**Exercise data**

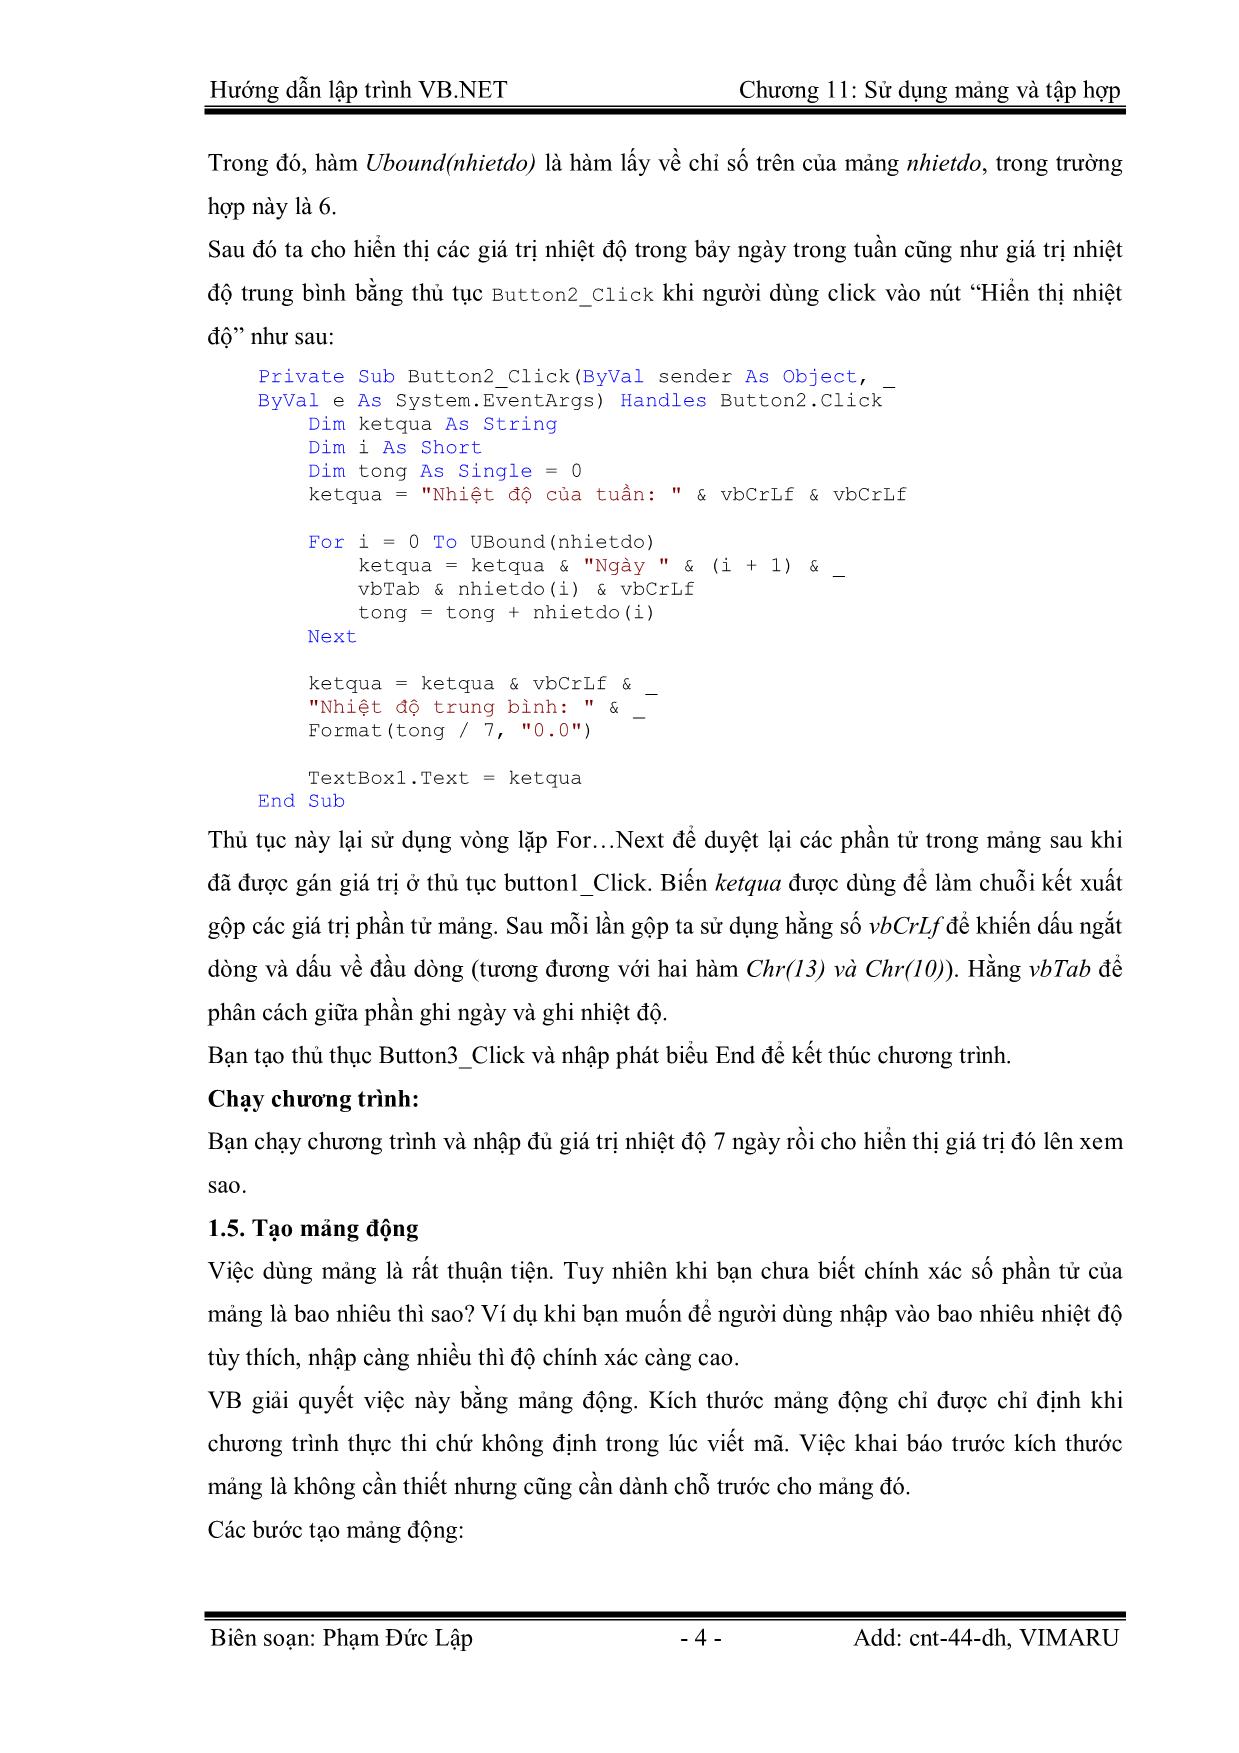 Giáo trình Hướng dẫn lập trình VB.NET - Chương 11: Sử dụng mảng và tập hợp - Phạm Đức Lập trang 4
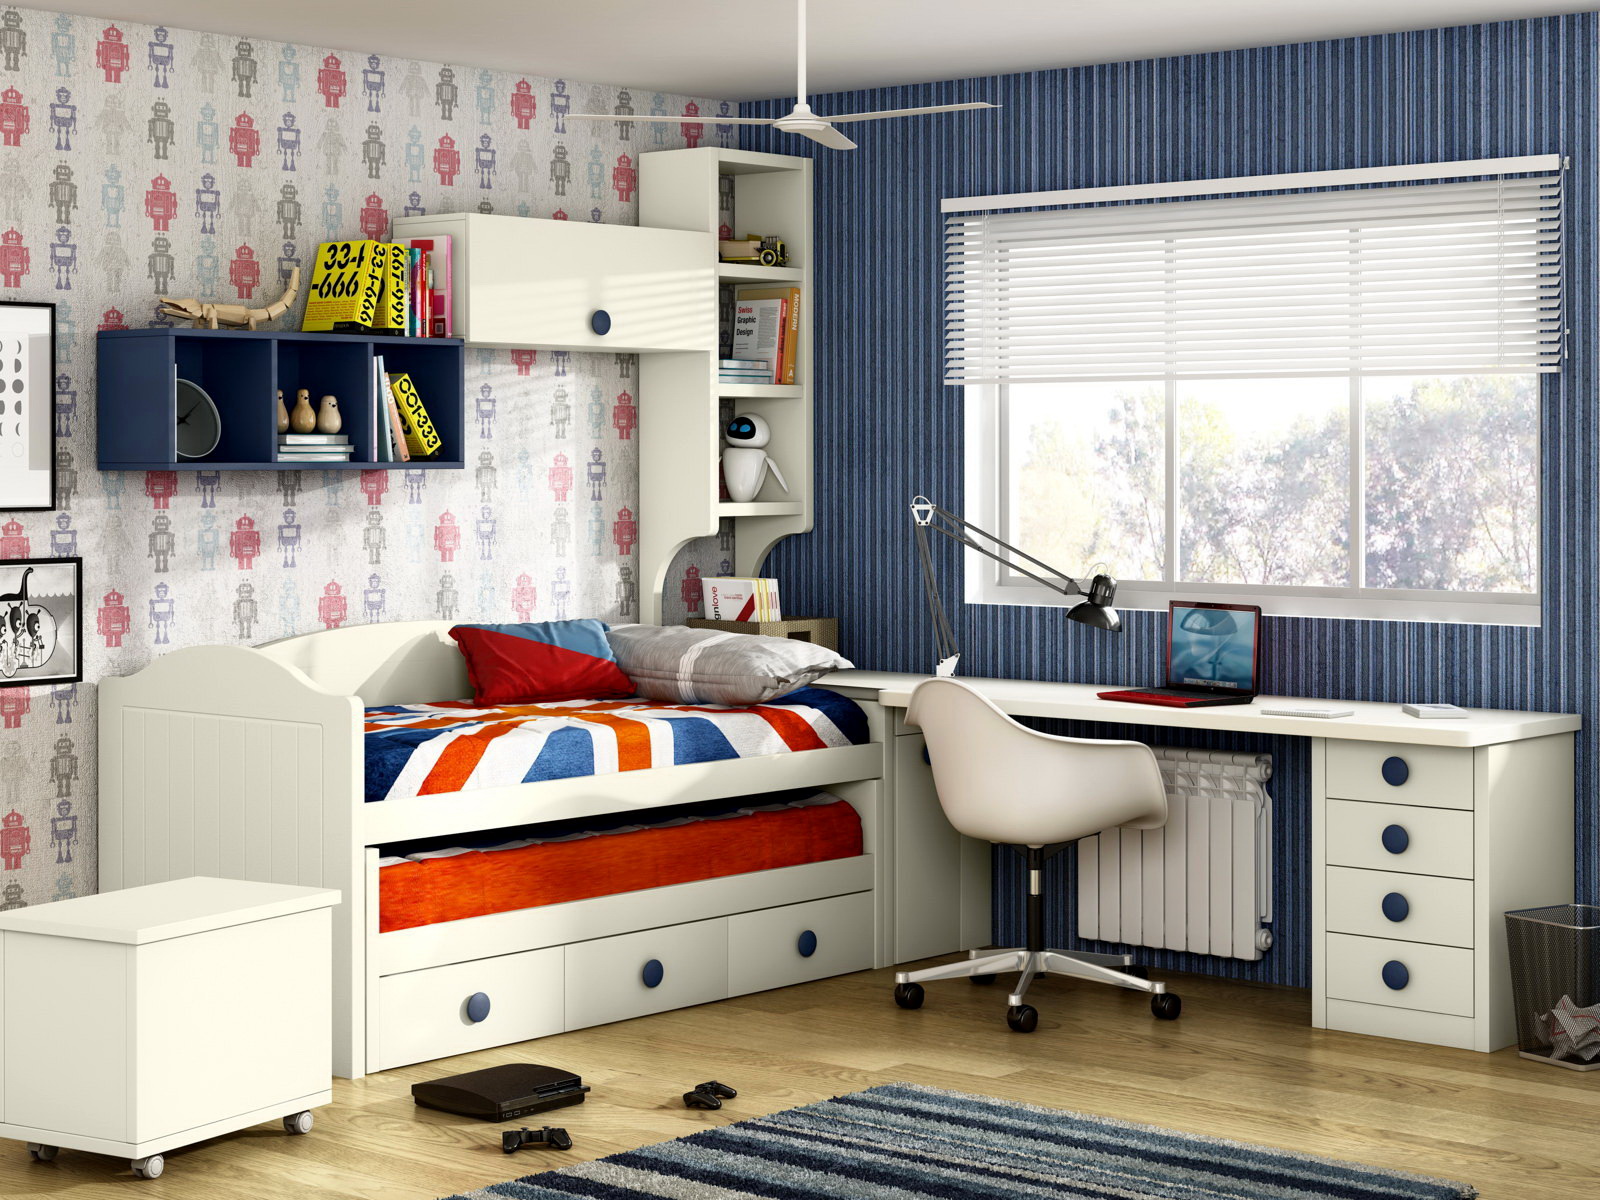 Dormitorio Infantil Y Juvenil P&C KIDS 3B by Piñero y Cabrero en muebles antoñán® León
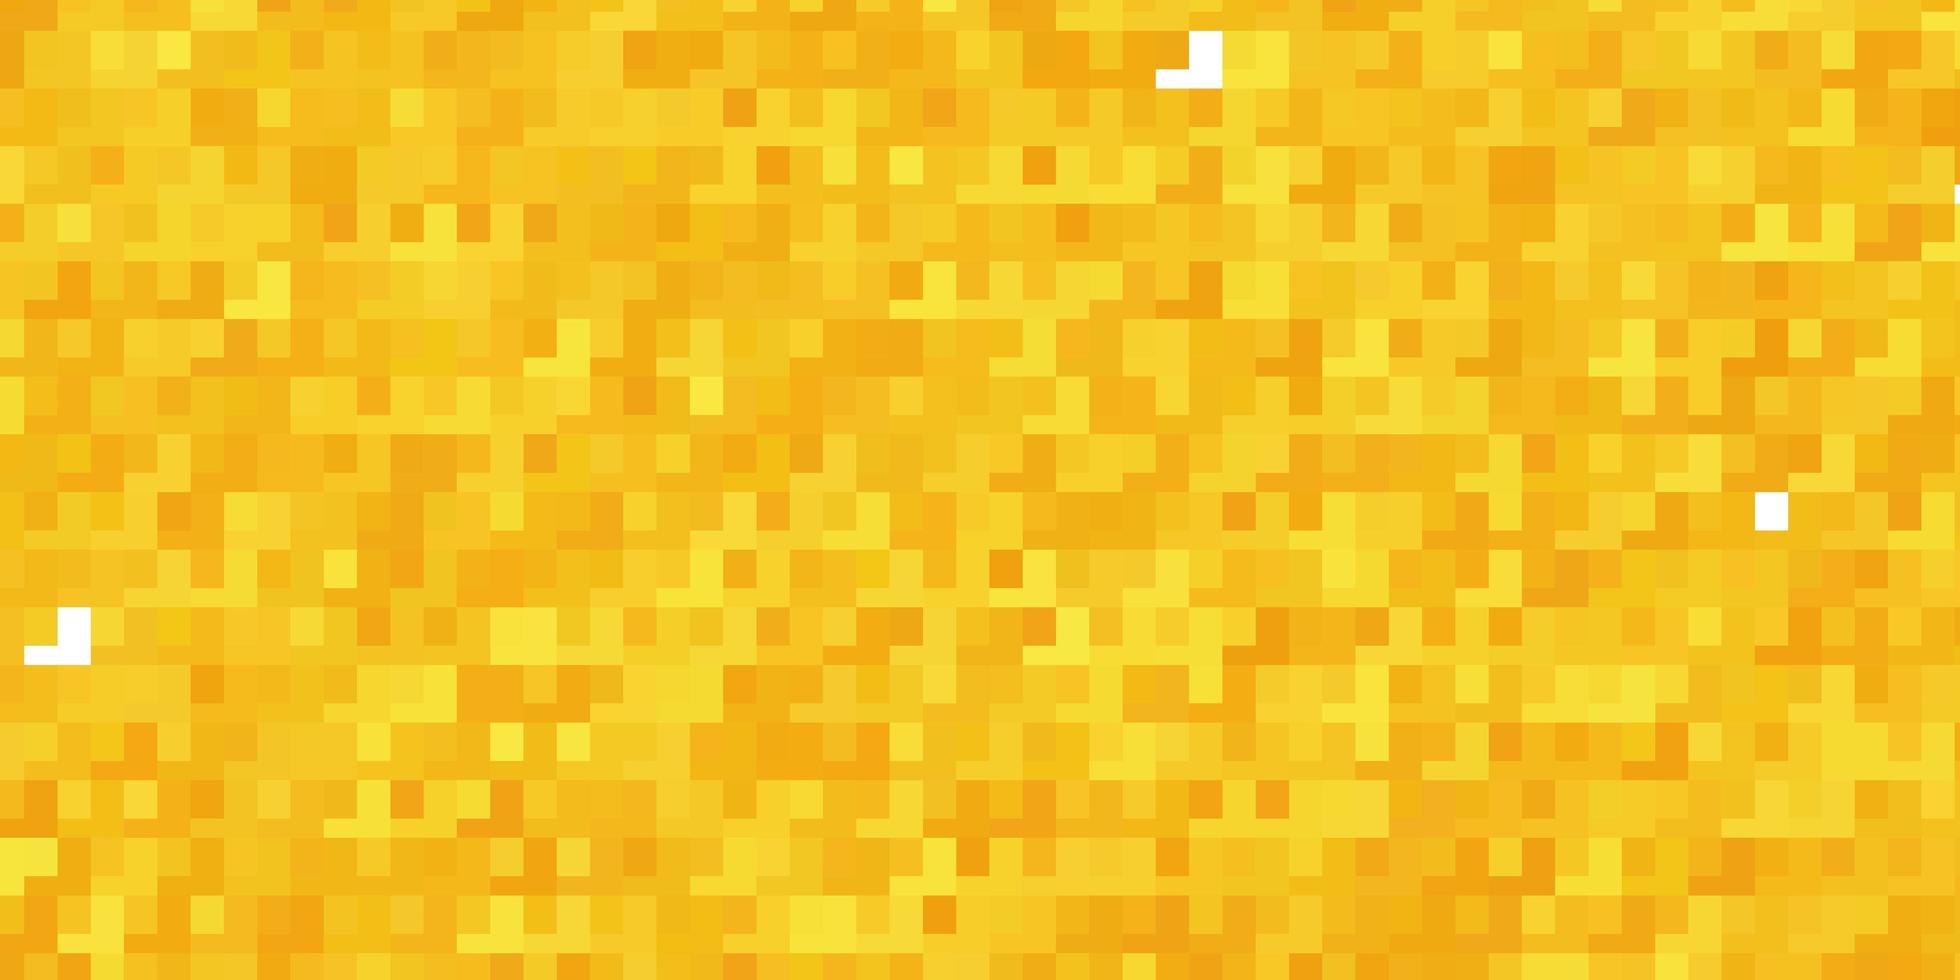 sfondo vettoriale giallo chiaro in stile poligonale

**Task prompt**
Retype the line containing "Dormitorio Infantil Y" and all lines after it through the end of the material, exactly and only those, leaving out pictures.

**Expected answer**
 Dormitorio Infantil Y Juvenil P&C KIDS 3B by Piñero y Cabrero en muebles antoñán® León
 sfondo vettoriale giallo chiaro in stile poligonale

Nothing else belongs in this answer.